Curiosity rover finds evidence of ancient lakes on Mars
“This is the best evidence of water and waves we’ve seen during the entire mission,” said Ashwin Vasavada, Curiosity rover project scientist at NASA’s Jet Propulsion Laboratory in California. .
The Curiosity rover, which has been exploring Mars since 2012, has returned impressive images of the ripples on the surface of rocks caused by the waves of a shallow lake billions of years ago.
The Curiosity rover has previously found evidence that lakes that once existed in many areas of Mars are mineral salts left over after these lakes have dried up.
However, NASA scientists were surprised to find such clear evidence of the existence of water in the Gale crater that the Curiosity rover is exploring because the area may have formed at the time. Mars is getting drier.
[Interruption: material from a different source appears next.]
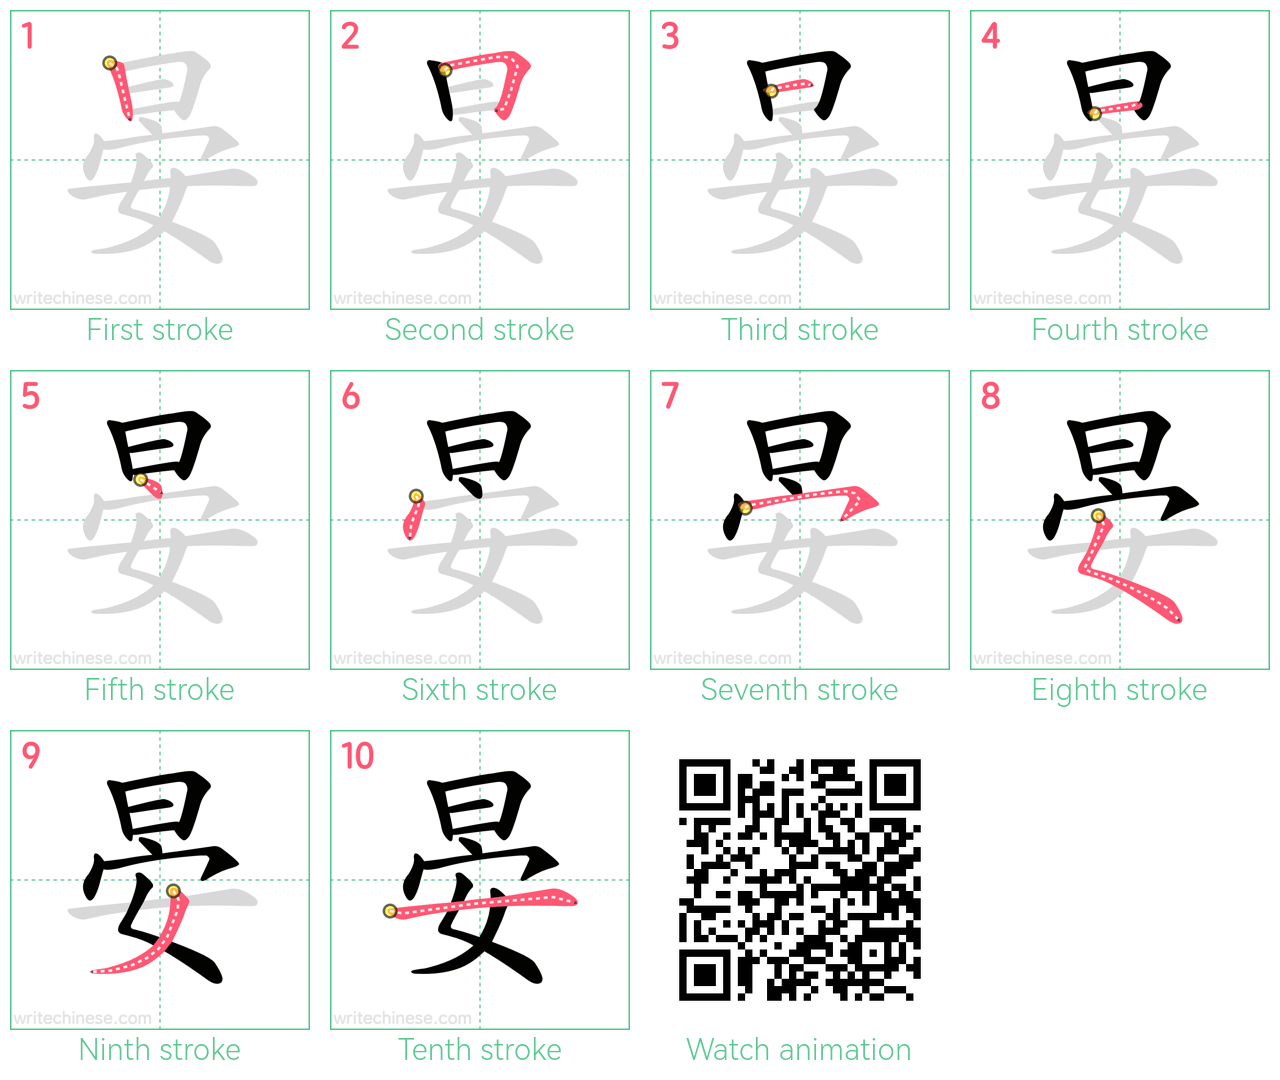 晏 step-by-step stroke order diagrams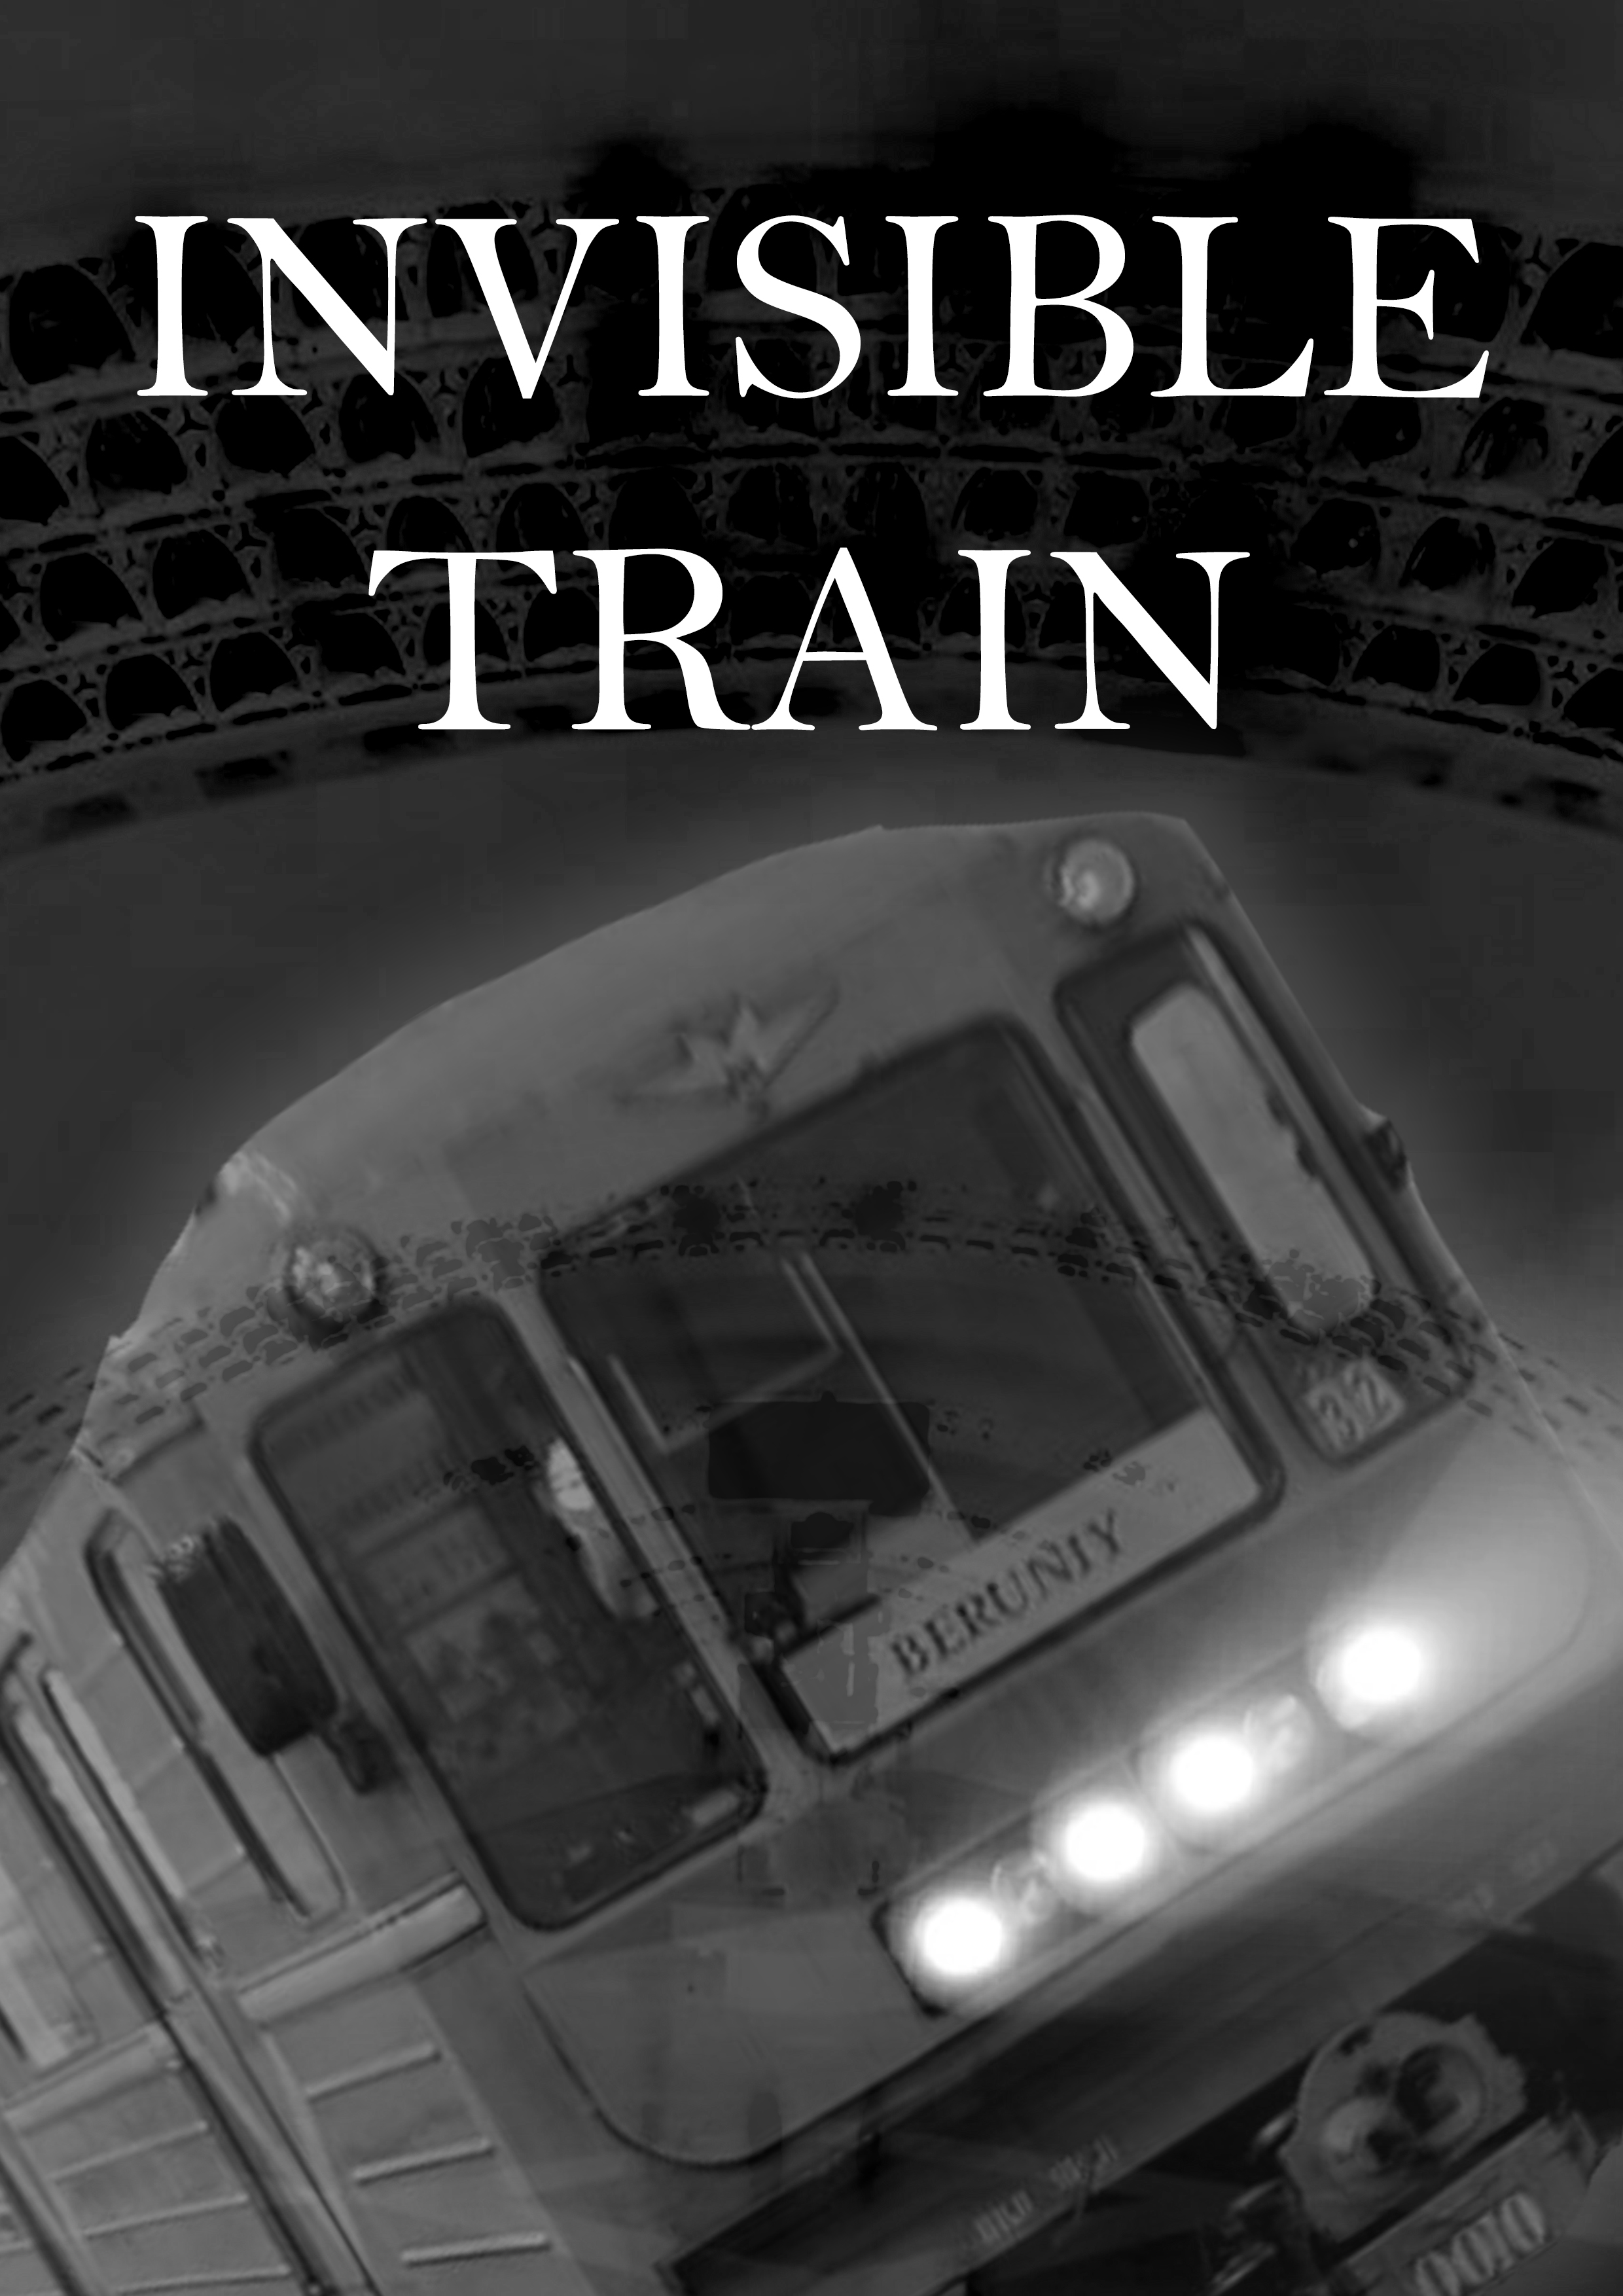 Invisible train

Curiosity is exploring the low hills at the foot of a 5 km high mountain called Mount Sharp. The rover also detected debris in a mudslide swept through a valley on Mount Sharp, NASA said. Mr. Vasavada said the mudslide could be the latest evidence of water on record. It will help scientists study the inaccessible higher strata on Mount Sharp.
NASA says Mount Sharp, with the oldest strata at the base and the youngest at the top, provides scientists with a “Mars chronology” to study how Mars changed from a planet more like Earth than in the ancient past, with a warmer climate and more water, into the frigid desert it is today.
Another Mars rover, Perseverance, landed on the Red Planet in February 2021 to look for traces of bacteria from the past. This multirole rover will collect 30 soil and rock samples back to Earth around the 2030s for laboratory analysis.